Otto anni dopo A Gentle Creature e numerosi documentari, Sergei Loznitsa torna al cinema di finzione.

Lo fa con Two Prosecutors (acquistato per l’Italia da Lucky Red), opera ispirata agli scritti di Georgij Demidov, fisico e prigioniero politico durante il regime del terrore staliniano.

Siamo dunque nell'URSS del 1937, dentro la gelida prigione di Bryansk, abitata da relitti umani, la maggior parte dei quali arrestati per crimini "antisocialisti" e "antirivoluzionari".

Migliaia di lettere scritte da questi prigionieri vengono destinate ad una stufa-inceneritore ancor prima che possano varcare la soglia di quei cancelli. Se ne salva miracolosamente una, scritta con il sangue, ed è quella che dà il via "all'azione" del film.
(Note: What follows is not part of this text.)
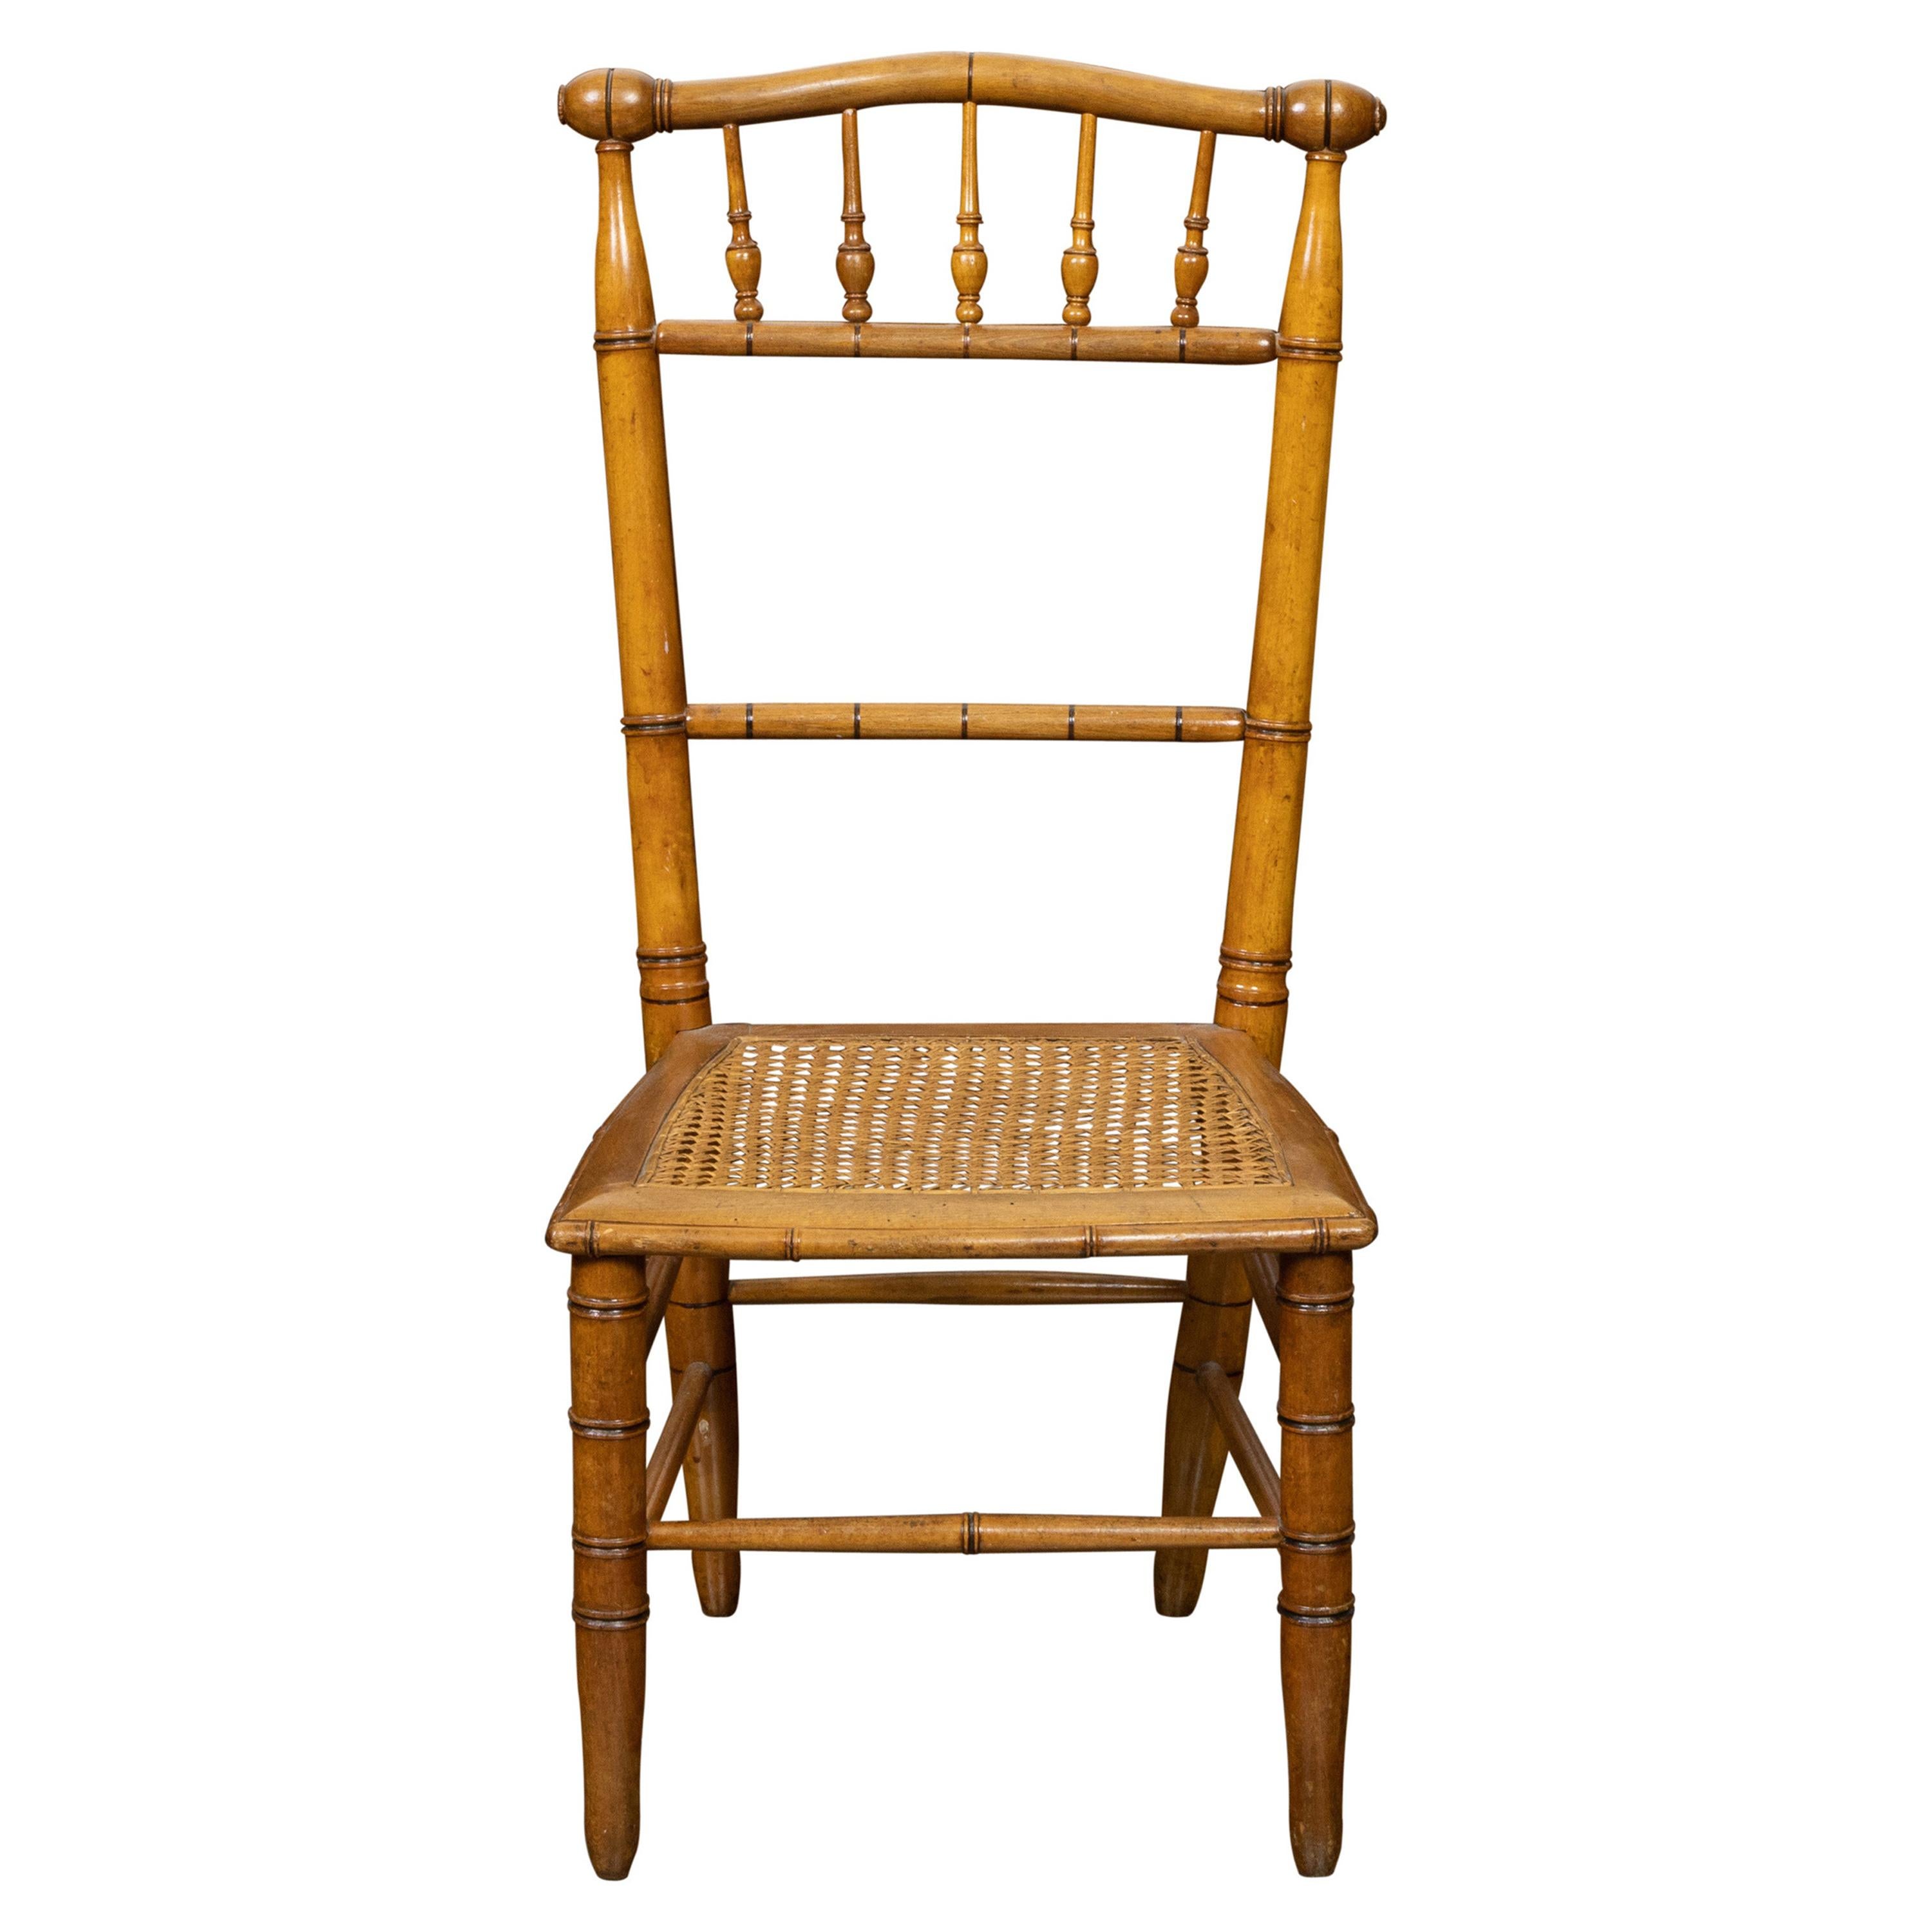 English Turn of the Century 1900s Bamboo Slipper Chair with Cane Seat

Che è tutto giocato su una sottile contrapposizione concettuale: Loznitsa ingabbia il racconto dentro l'aspect ratio di 1.33:1, ogni sequenza rimane a sua volta prigioniera di una camera fissa che diventa presa di posizione non solamente figlia di un rigore formale (ricordiamo che altri film di finzione del regista ucraino, come Anime nella nebbia ad esempio, erano caratterizzati da lunghissimi piani-sequenza) ma contraltare ideologico di un moto (d'animo, legale, umano), quello del giovane procuratore Kornev (Alexander Kuznetsov), che decide dapprima di far visita al detenuto Stepniak (Alexander Filippenko), l'autore della missiva, poi di dare seguito alla sua tragica testimonianza, recandosi a Mosca dal procuratore generale Vishynsky (Anatoly Beliy) per denunciare i crimini commessi dall'NKVD, il Commissariato del popolo per gli affari interni, ufficialmente chiamato a proteggere la sicurezza dello Stato, in realtà artefice di indicibili abusi (le famigerate purghe staliniane) sia in fase probatoria (fondamentalmente nulla) sia attraverso "mezzi fisici di persuasione", leggasi tortura, atti ad estorcere confessioni forzate di persone innocenti che venivano così dapprima incarcerate e poi condannate a morte.

Two Prosecutors - @ SBS Productions
Two Prosecutors - @ SBS Productions

Two Prosecutors - @ SBS Productions

La spietatezza di un simile sistema resta confinata nel fuoricampo di un'opera (magistrale il momento in cui Kornev si affaccia dalla finestra dell'ufficio del carcere quando un detenuto stramazza al suolo in cortile) che alla vista risponde con la messinscena kafkiana ed elegante di un potere subdolo e mefistofelico: le ore di attesa in carcere, le altrettante nell'anticamera dell'ufficio moscovita di Vishynsky, l'illusione di aver ottenuto un riscontro positivo e fattivo per iniziare un procedimento atto a porre fine alla barbarie, la paziente determinazione di Kornev è l'ultimo baluardo di speranza (anche se come finirà la sua storia è abbastanza ovvio...) in un meccanismo, quello dei regimi totalitari, che ancora bussa con insistenza alle nostre porte.

D'altronde, come ha ricordato lo stesso Loznitsa, che da molto tempo colleziona i testi sui Gulag e sui campi di concentramento, tutto questo "non è uno specchio del passato, ma uno specchio del presente".